IDM 7.5.0

Repository configuration files

Configuration files for all supported repositories are located in the /path/to/openidm/db/database/conf directory. For JDBC repositories, the configuration is defined in two files:

  • datasource.jdbc-default.json specifies the connection to the database.

  • repo.jdbc.json specifies the mapping between IDM resources and database tables.

For a DS repository, the repo.ds.json file specifies the resource mapping and, in the case of an external repository, the connection details to the LDAP server.

For both DS and JDBC, the conf/repo.init.json file specifies IDM’s initial internal roles and users.

Copy the configuration files for your specific database type to your project’s conf/ directory.

JDBC connection configuration

The default database connection configuration file for a MySQL database follows:

{
    "driverClass" : "com.mysql.cj.jdbc.Driver",
    "jdbcUrl" : "jdbc:mysql://&{openidm.repo.host}:&{openidm.repo.port}/openidm?allowMultiQueries=true&characterEncoding=utf8&serverTimezone=UTC",
    "databaseName" : "openidm",
    "username" : "openidm",
    "password" : "openidm",
    "connectionTimeout" : 30000,
    "connectionPool" : {
        "type" : "hikari",
        "minimumIdle" : 20,
        "maximumPoolSize" : 50
    }
}

The configuration file includes the following properties:

driverClass

"driverClass" : string

To use the JDBC driver manager to acquire a data source, set this property, as well as jdbcUrl, username, and password.
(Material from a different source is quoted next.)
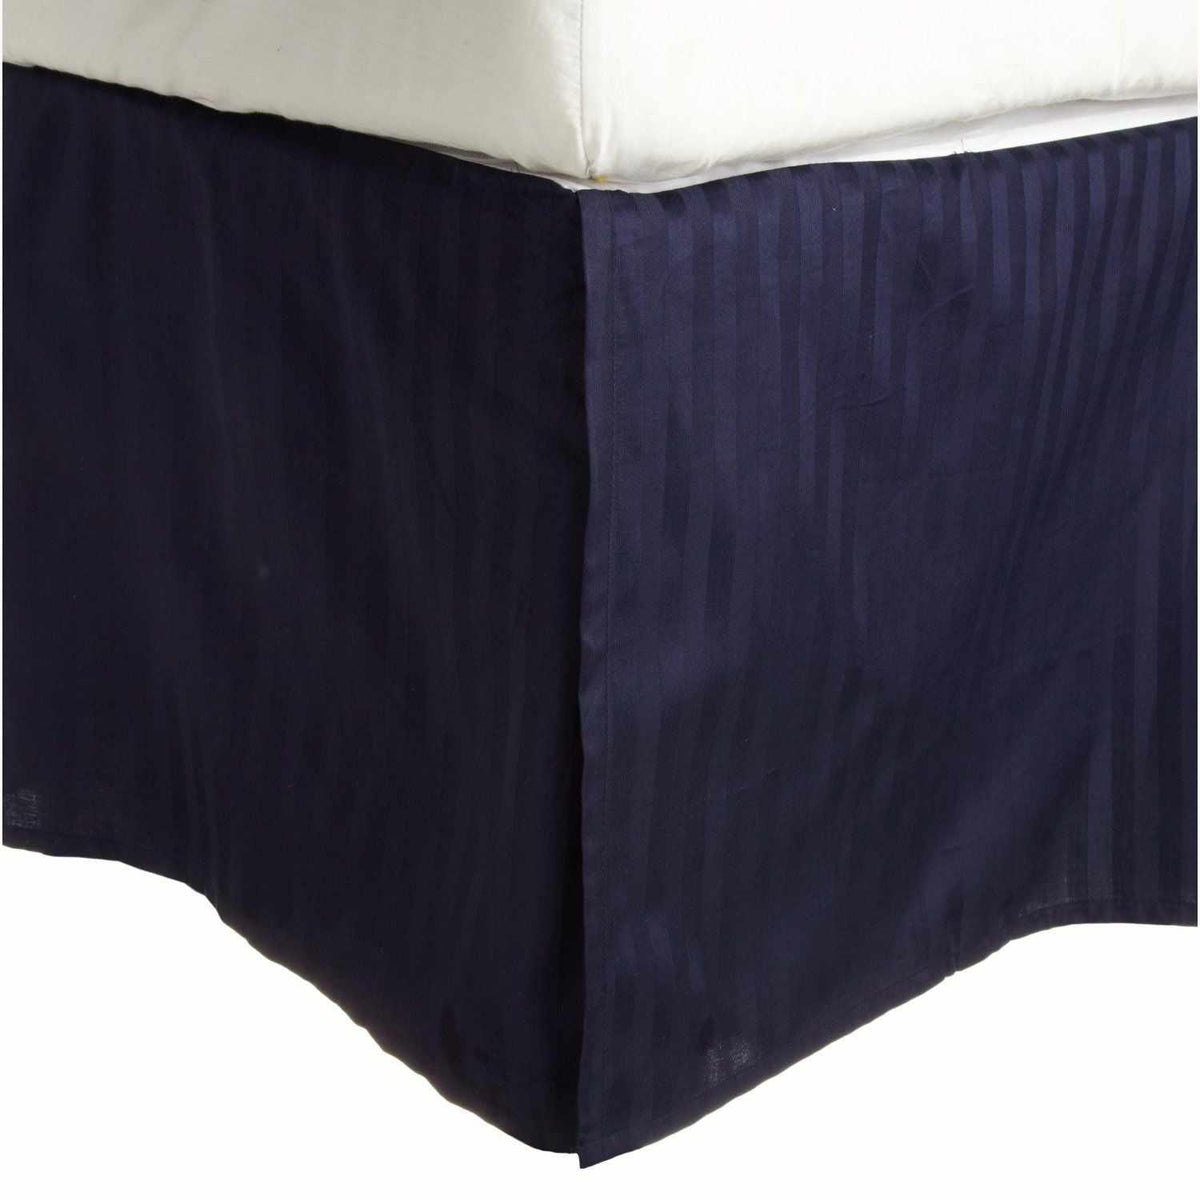 300-Thread Count Egyptian Cotton 15" Drop Striped Bed Skirt - Navy Blue

The driver class must be the fully-qualified class name of the database driver to use for your database.

Using the JDBC driver manager to acquire a data source is the most likely option, and the only one supported "out of the box". The remaining options in the sample repository configuration file assume that you are using a JDBC driver manager.

Example: "driverClass" : "com.mysql.cj.jdbc.Driver"

jdbcUrl

The connection URL to the JDBC database. The URL should include all parameters required by your database. For example, to specify the encoding in MySQL use 'characterEncoding=utf8'.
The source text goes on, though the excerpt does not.